The formidable Frances McDormand has won her second Academy Award, this time for her portrayal of Mildred Hayes in Irish playwright Martin McDonagh's harrowing movie "Three Billboards Outside Ebbing Missouri". 

Frances McDormand has two words for you all: Inclusion Rider.

As women, we all have stories to tell - and McDormand is going to make sure they get the platform and the purse strings that they need.

Rounding off a particularly empowering Academy Awards ceremony, the two-time Oscar winner called on every single female nominee of the night to stand in union and recognize their greatness.

The 60-year-old screen legend put great emphasis on the term inclusion rider. For the uninitiated, an inclusion rider is essentially a clause in a contract that requires provisions for gender and racial diversity on a project.

Her speech, which saw every woman in the room give a standing ovation, was widely regarded as the best of the night.
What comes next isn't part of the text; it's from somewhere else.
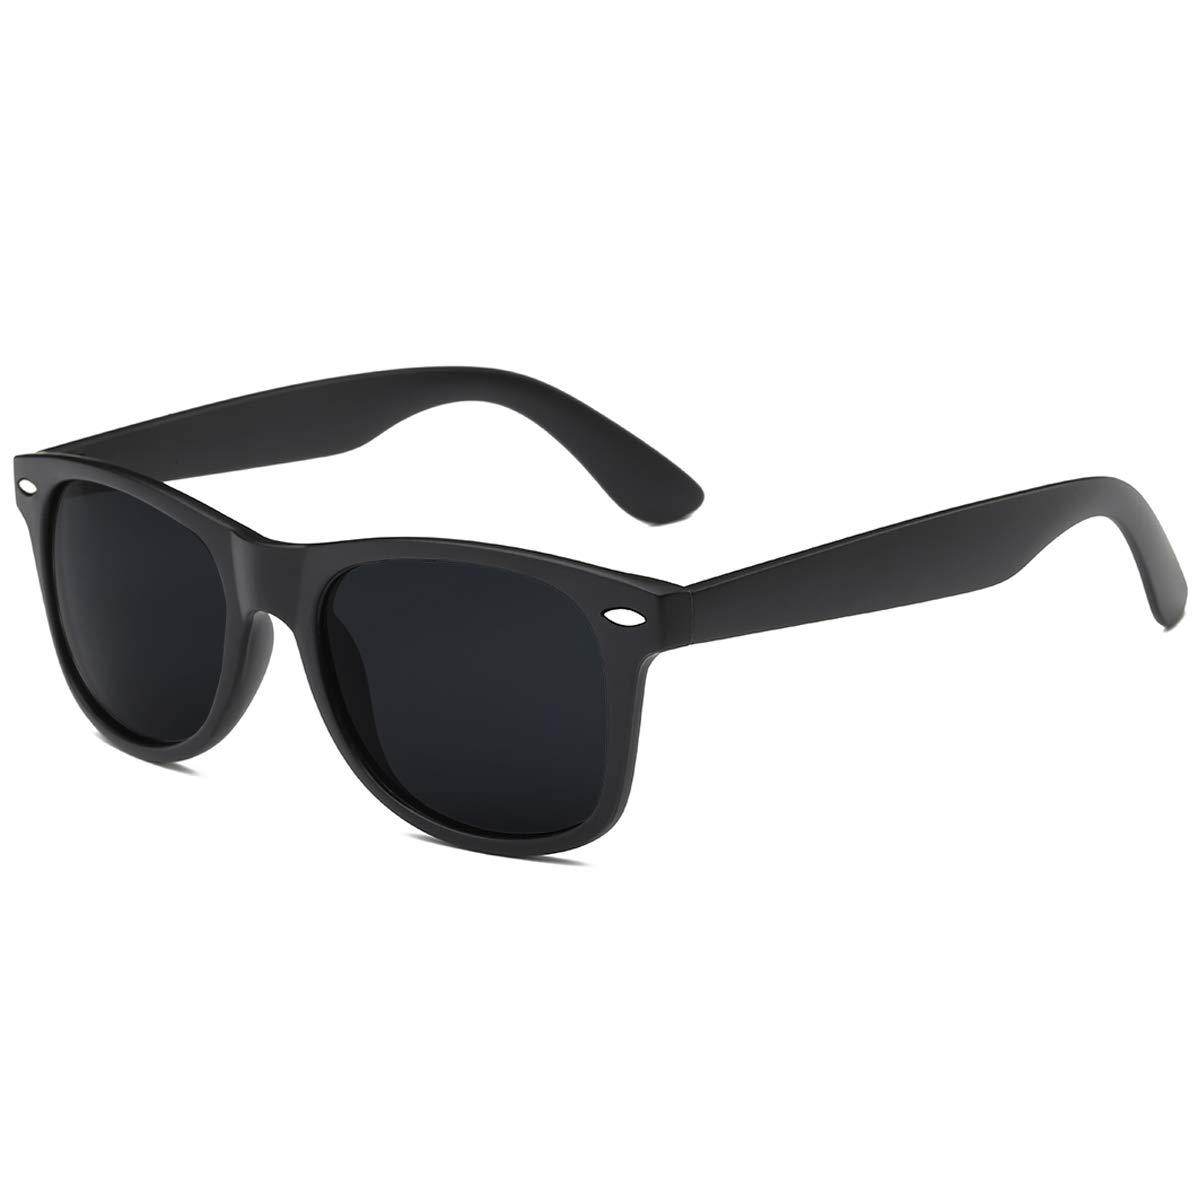 Polarized Sunglasses for Men Retro - FEIDU Polarized Retro Sunglasses for Men FD2149 (black-matte) by FEIDU

Host Jimmy Kimmell joked that the actress would probably win an Emmy for her powerful speech.

Here is the transcript of her soon-to-be iconic speech:

"So, I think this is what Chloe Kim must have felt like after doing back to back 1080s in the olympic half pipe, did you see that? Okay, that's what it feels like. I want to thank Martin McDonagh, look what you did. We are a bunch of hooligans, and anarchists, but we do clean up nice. I want to thank every single person in this building. And my sister, Dorothy, I love you, Dot. And I especially want to thank my clan.
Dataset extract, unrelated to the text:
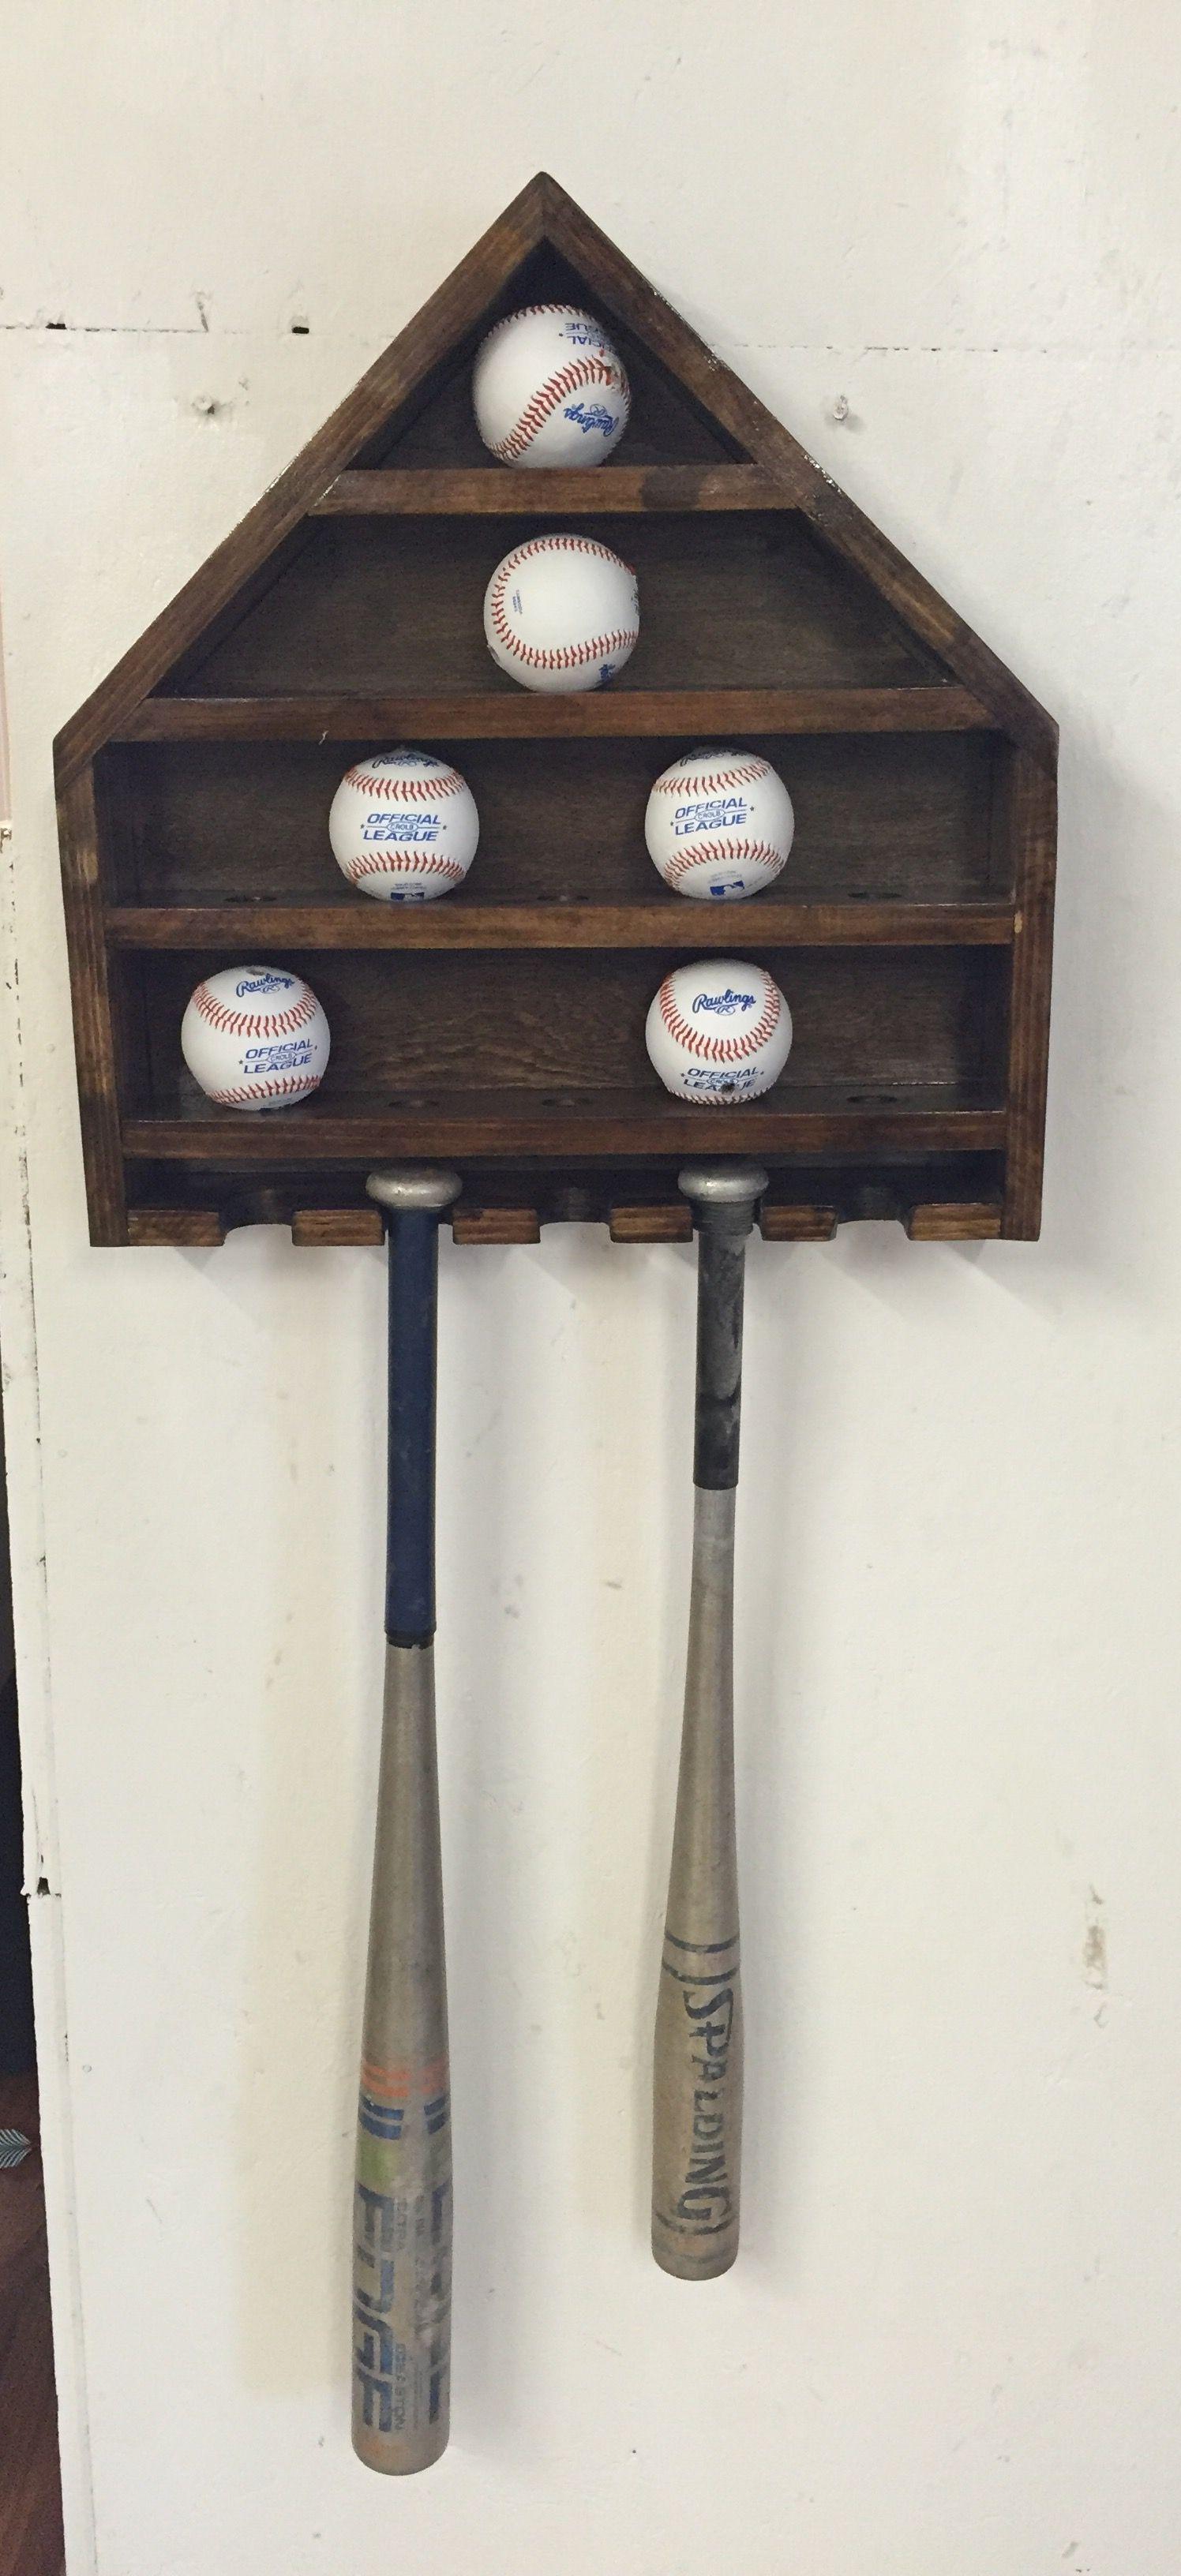 Baseball display shelf.

Joel and Pedro McCoen, these two stalwart individuals were well-raised by their feminist mothers. They value themselves, each other and those around them. I know you are proud of me, and that fills me with everlasting joy. And now, I want to give some perspective. If I may be so honored to have all the female nominees in every category stand with me in this room tonight. The actors—Meryl, if you do it everyone else will—the filmmakers, the producers, the directors, the writers, the cinematographers, the composers, the song writers, the designers. Come on! Okay, look around everybody, look around, ladies and gentleman because we all have stories to tell and projects we need financed. Don’t talk to us about it at the parties tonight. Invite us into your office in a couple days or you can come to ours, whichever suits you best, and we can still you all about them. I have two words to leave with you tonight, ladies and gentleman, inclusion rider."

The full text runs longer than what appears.